Last month someone I met up in Briones told me to try a hike by moon light one day.
Yesterday was the day that Bailey, Chloe and I set out after the sun went down from the top of Briones Road out of Martinez. We travelled about 4 miles at dusk and then under the moonlight. Stayed out about 90 minutes. Often you can't see your dog(s) but their night vision is MUCH better than ours and they can see you. Just have to believe in your dogs.

If you have never tried it, it was worth it. Carry a good flashlight (along with a back-up) for when you are under the trees, but in open spaces there is plenty of light.

Happy trails.
Rod


----------



## texasred (Jan 29, 2012)

You picked the perfect time with a Harvest moon.


----------



## tknafox2 (Apr 2, 2013)

I guess I could call it hiking... around my neighborhood during this full moon... I Love it!
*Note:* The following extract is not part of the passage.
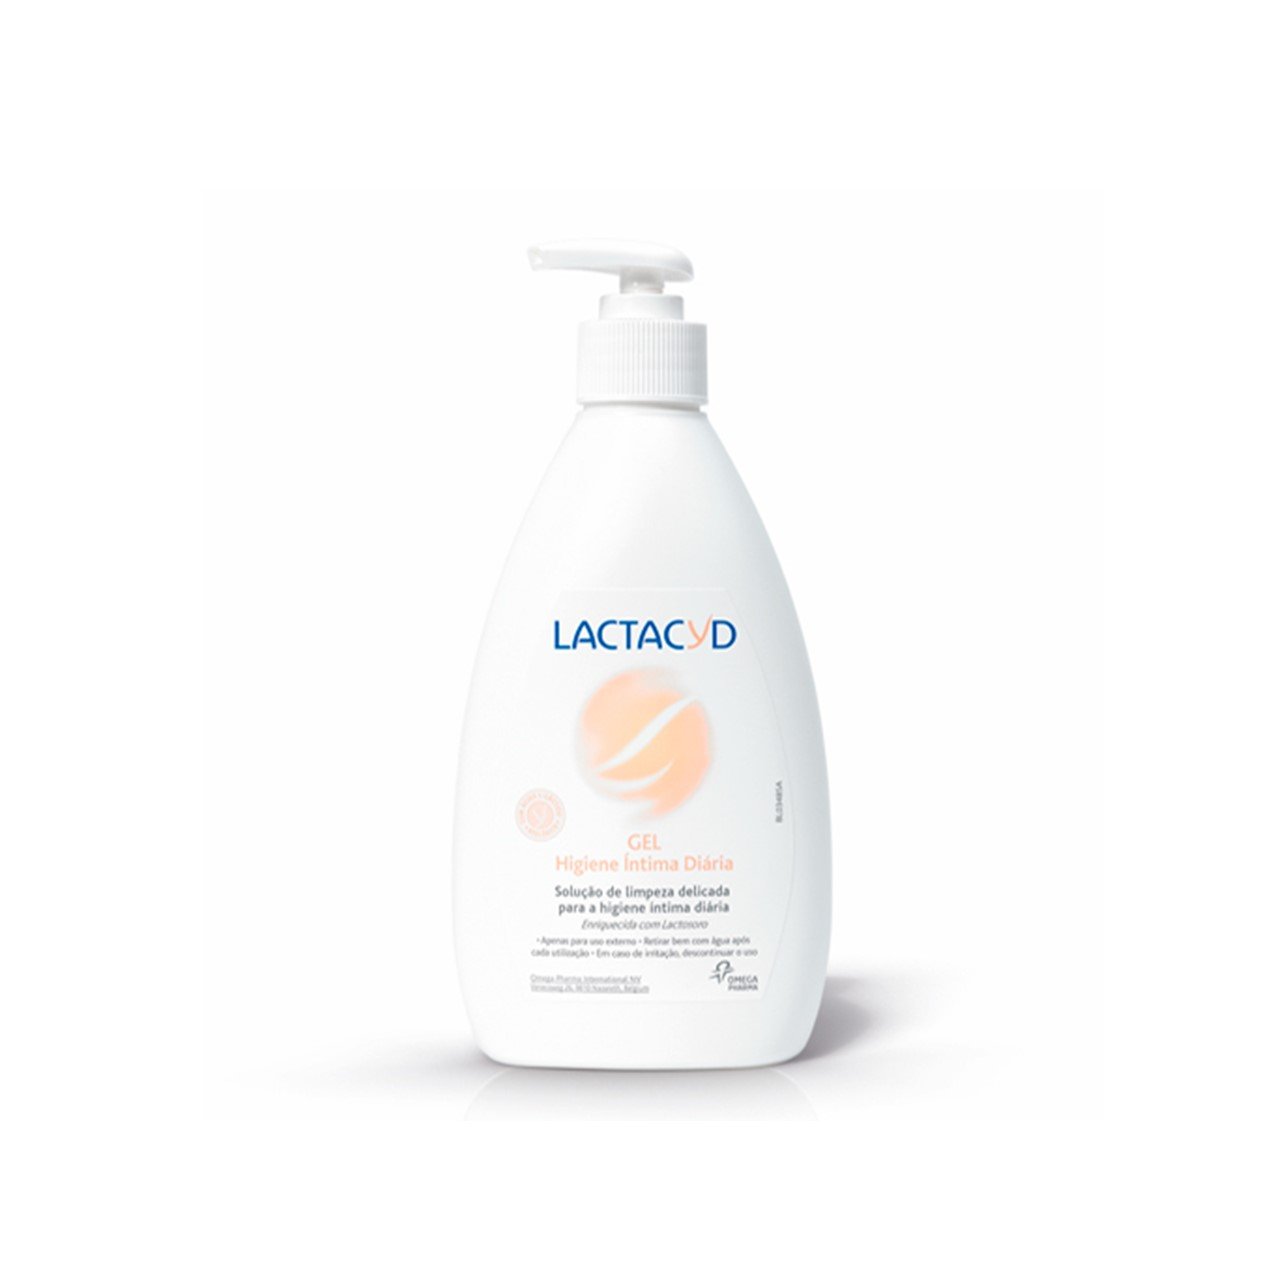 Lactacyd Intimate Hygiene Gel 200ml (6.76fl oz)

Always feel like I'm the only one out 
When we do really hike at night in Mammoth, I have these little bobble lights that hang on the dogs collars.
Last Thanksgiving, we had 6 dogs with them on of different colors. it was hilarious, all you could see were these bobbing, running, jumping, standing little lights all over out there in the dark. But we knew where each dog was, they are great.
Must admit, last night I was so tired, I just watched it come up, with a glass of wine in hand, and admired it.
Maybe hike tonight...


----------



## Rudy (Oct 12, 2012)

Last few were 2am still getting some the endless sun

night can be 1 hour total darkness

and we were one of the 1st humans to walk on these paths

Sharing this with a once number 1 draft pic retired and Top Capt was the key 

lights out 1 hour maybe ;D


----------